- _WHAT YOU ARE ASKED TO DO_
Repeat the data below exactly, dropping any pictures it holds.

- _DATA EXCERPT_
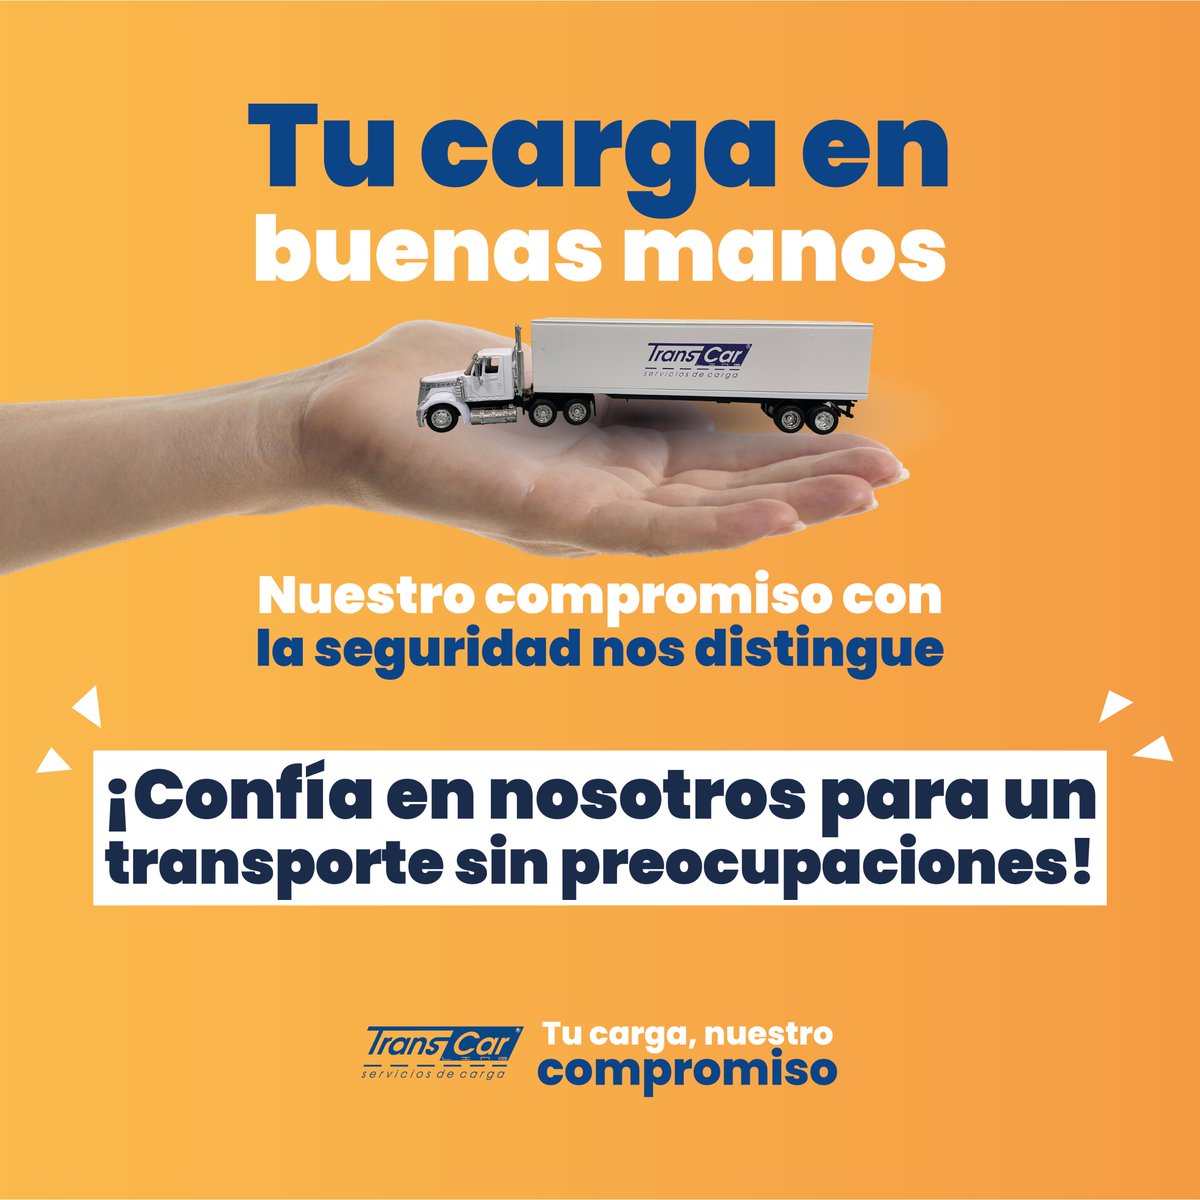 🔷Tu carga en buenas manos. Nuestro compromiso con la seguridad nos distingue. 
#equipotranscar #serviciosdecarga #transportedecarga
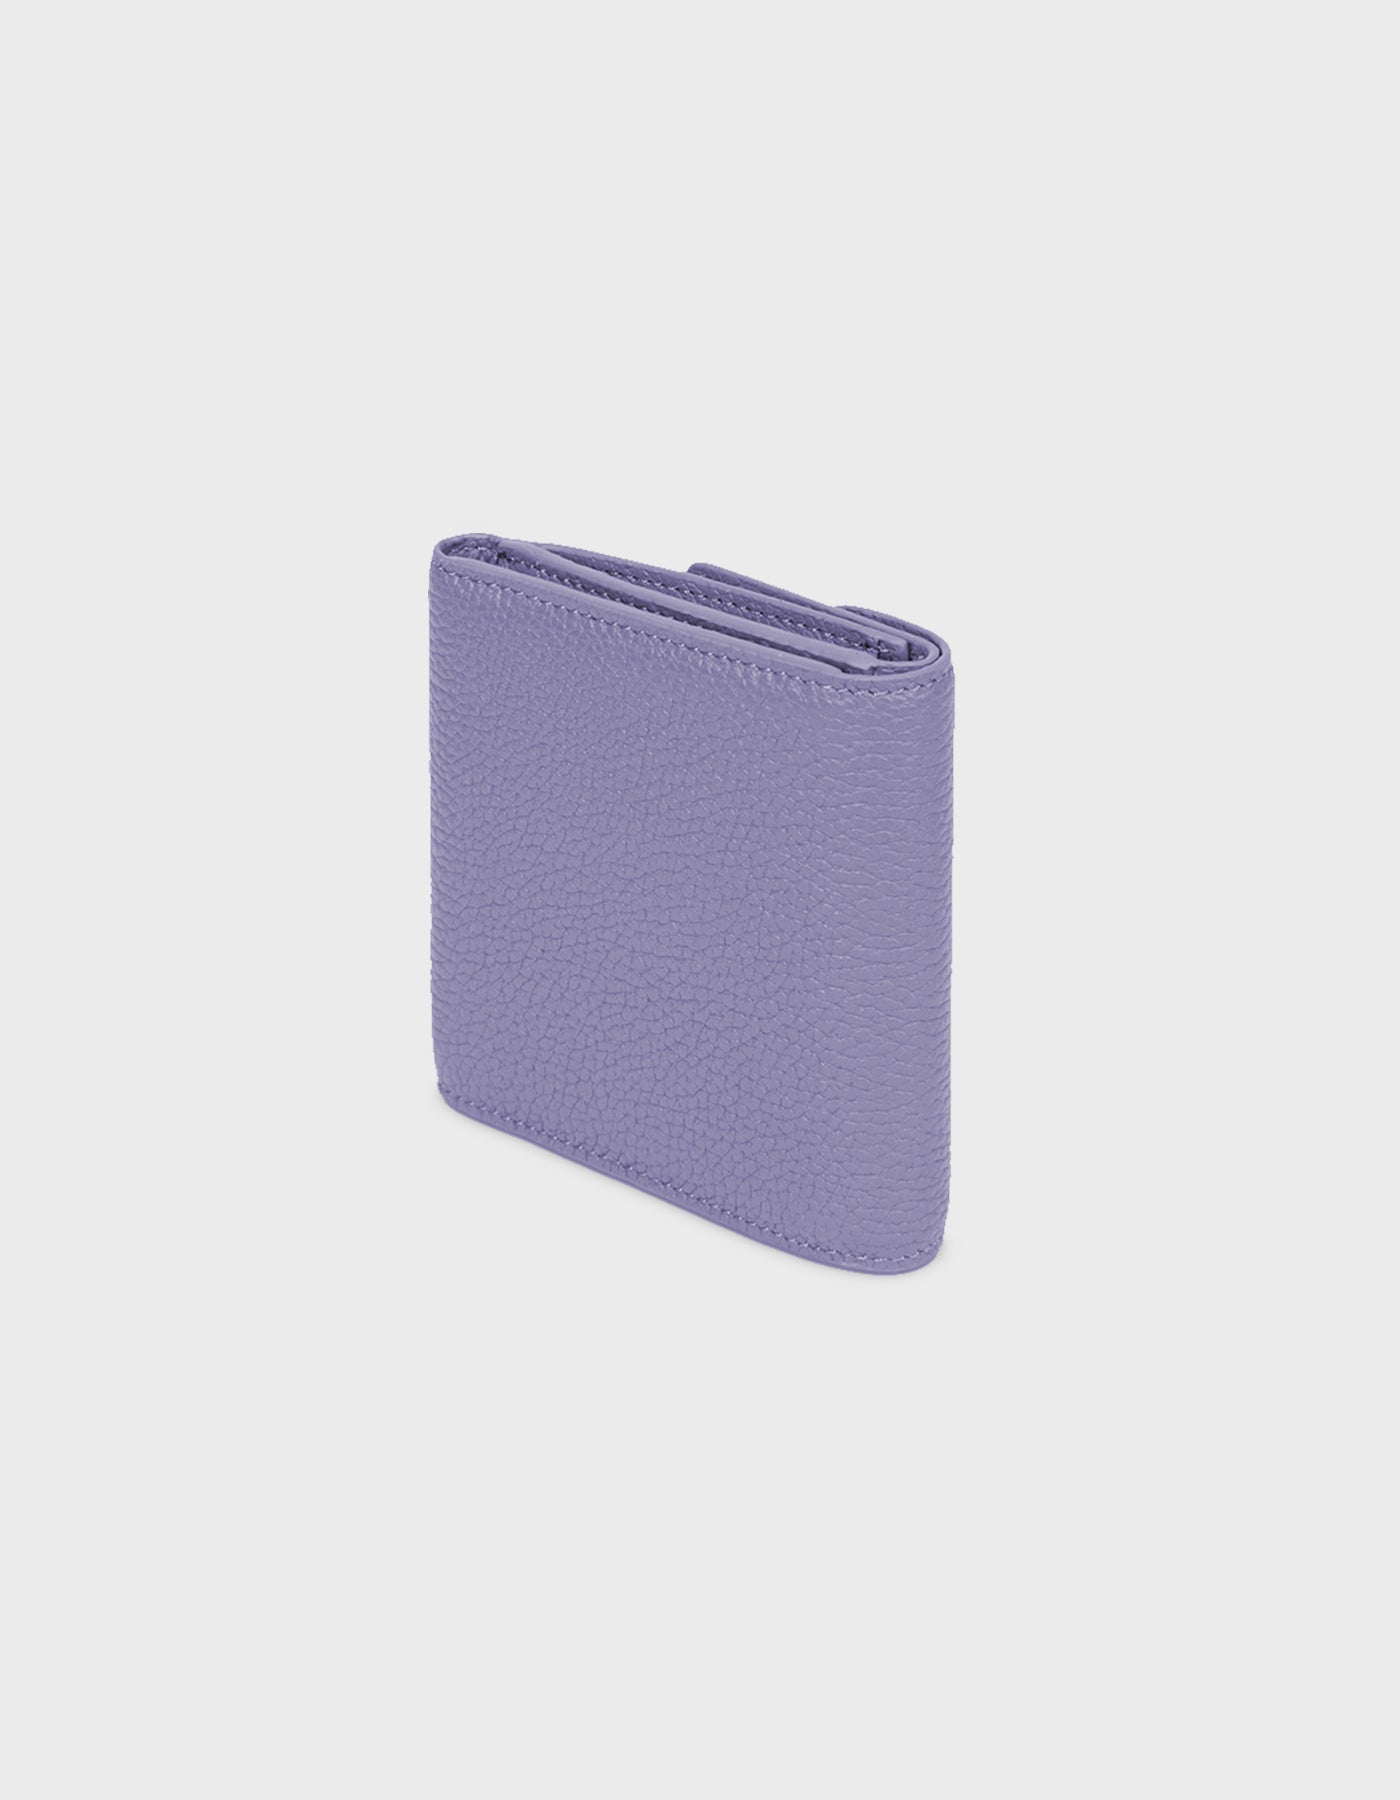 HiVa Atelier - Larus Compact Wallet Lavender

- _YOUR SOLUTION_
 🔷Tu carga en buenas manos. Nuestro compromiso con la seguridad nos distingue. 
#equipotranscar #serviciosdecarga #transportedecarga
 HiVa Atelier - Larus Compact Wallet Lavender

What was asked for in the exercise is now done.